Find the line with "issuu agosto Travel" and the line with "My favoritesl The" in the entries below; output exactly those two lines, every line between them, and no others.

**Raw data**
---

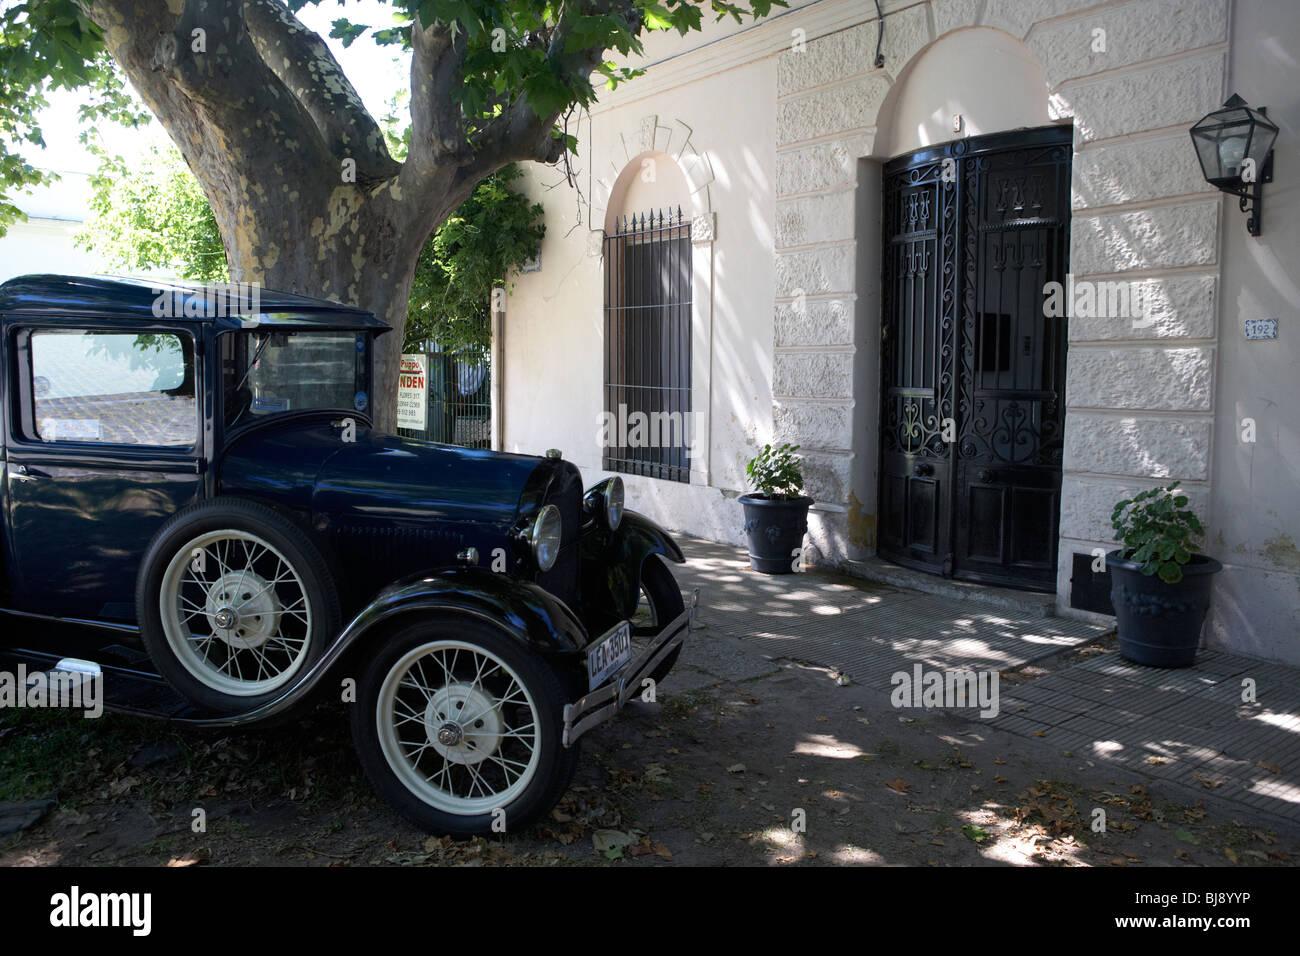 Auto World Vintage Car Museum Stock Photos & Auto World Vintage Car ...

---

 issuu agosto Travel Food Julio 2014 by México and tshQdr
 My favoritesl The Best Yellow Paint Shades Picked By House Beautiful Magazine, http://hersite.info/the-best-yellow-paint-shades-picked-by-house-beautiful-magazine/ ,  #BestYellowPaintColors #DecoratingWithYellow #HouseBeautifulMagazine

---

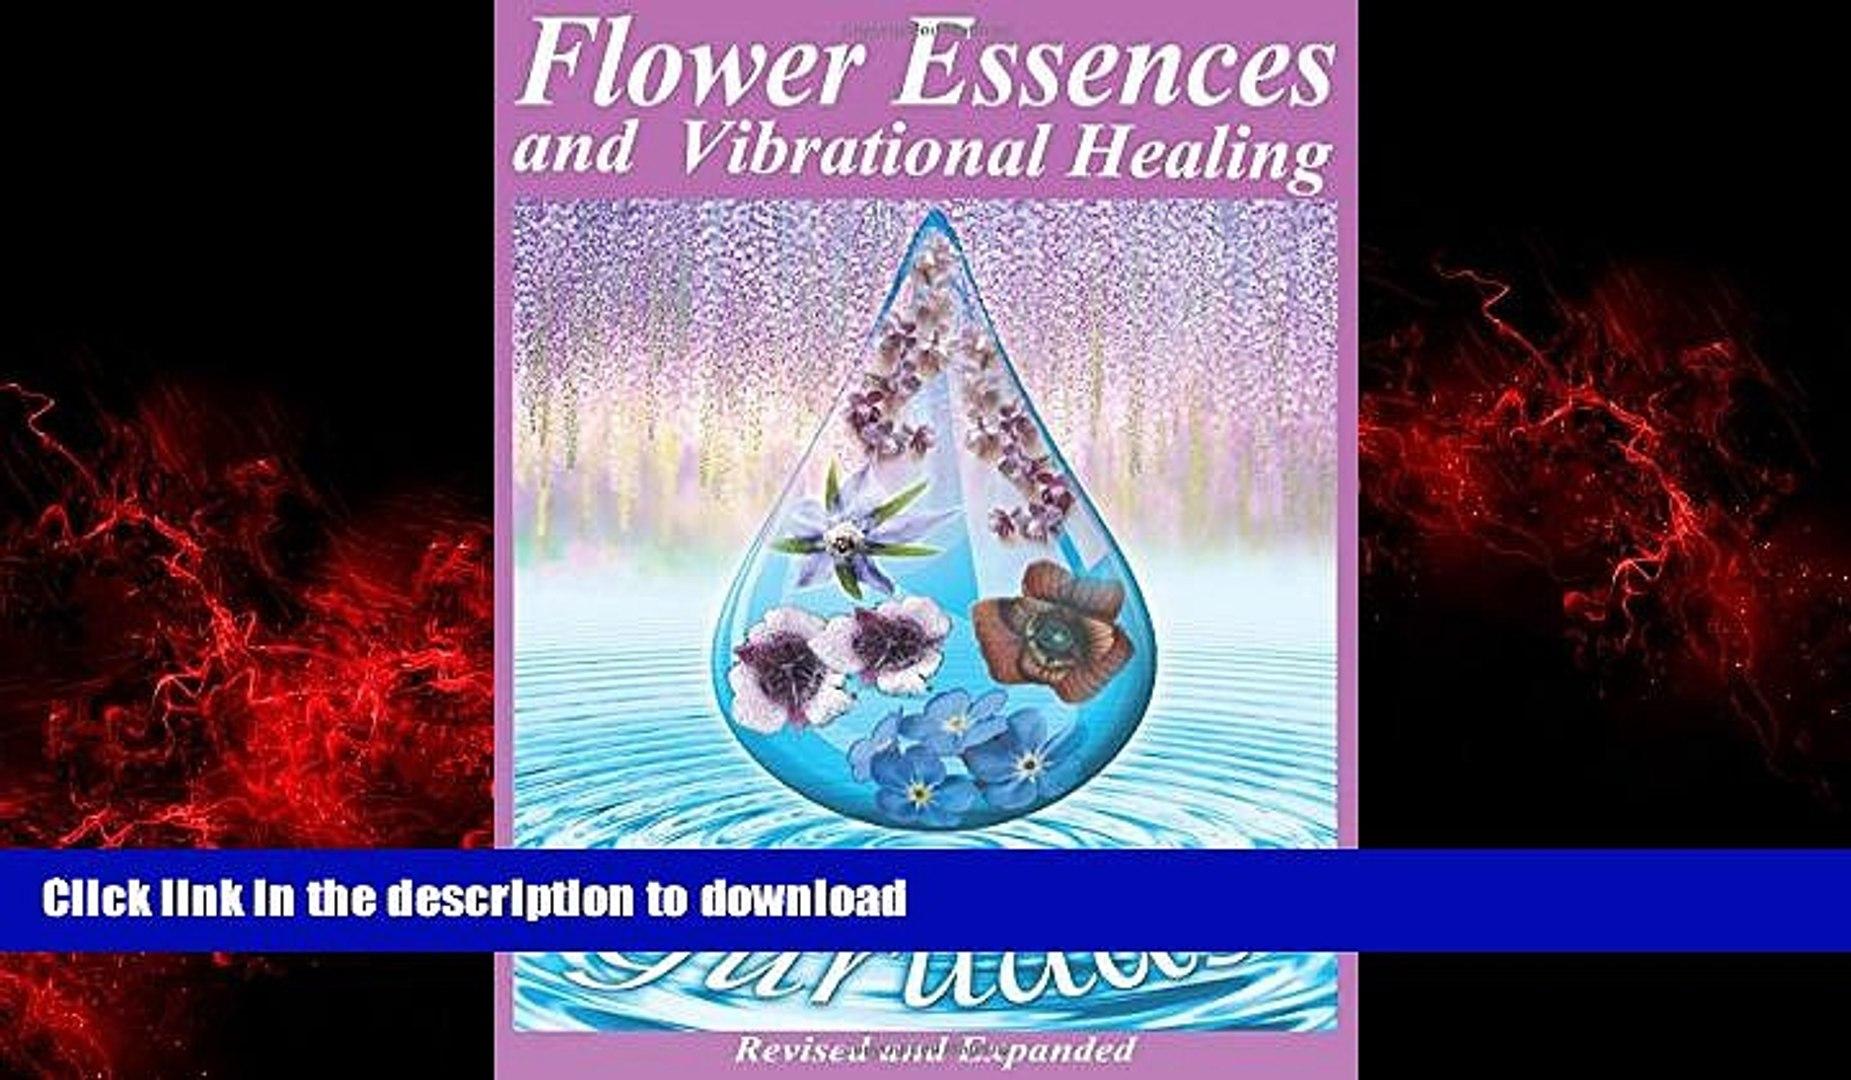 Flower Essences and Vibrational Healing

---

**Written answer**
 issuu agosto Travel Food Julio 2014 by México and tshQdr
 My favoritesl The Best Yellow Paint Shades Picked By House Beautiful Magazine, http://hersite.info/the-best-yellow-paint-shades-picked-by-house-beautiful-magazine/ ,  #BestYellowPaintColors #DecoratingWithYellow #HouseBeautifulMagazine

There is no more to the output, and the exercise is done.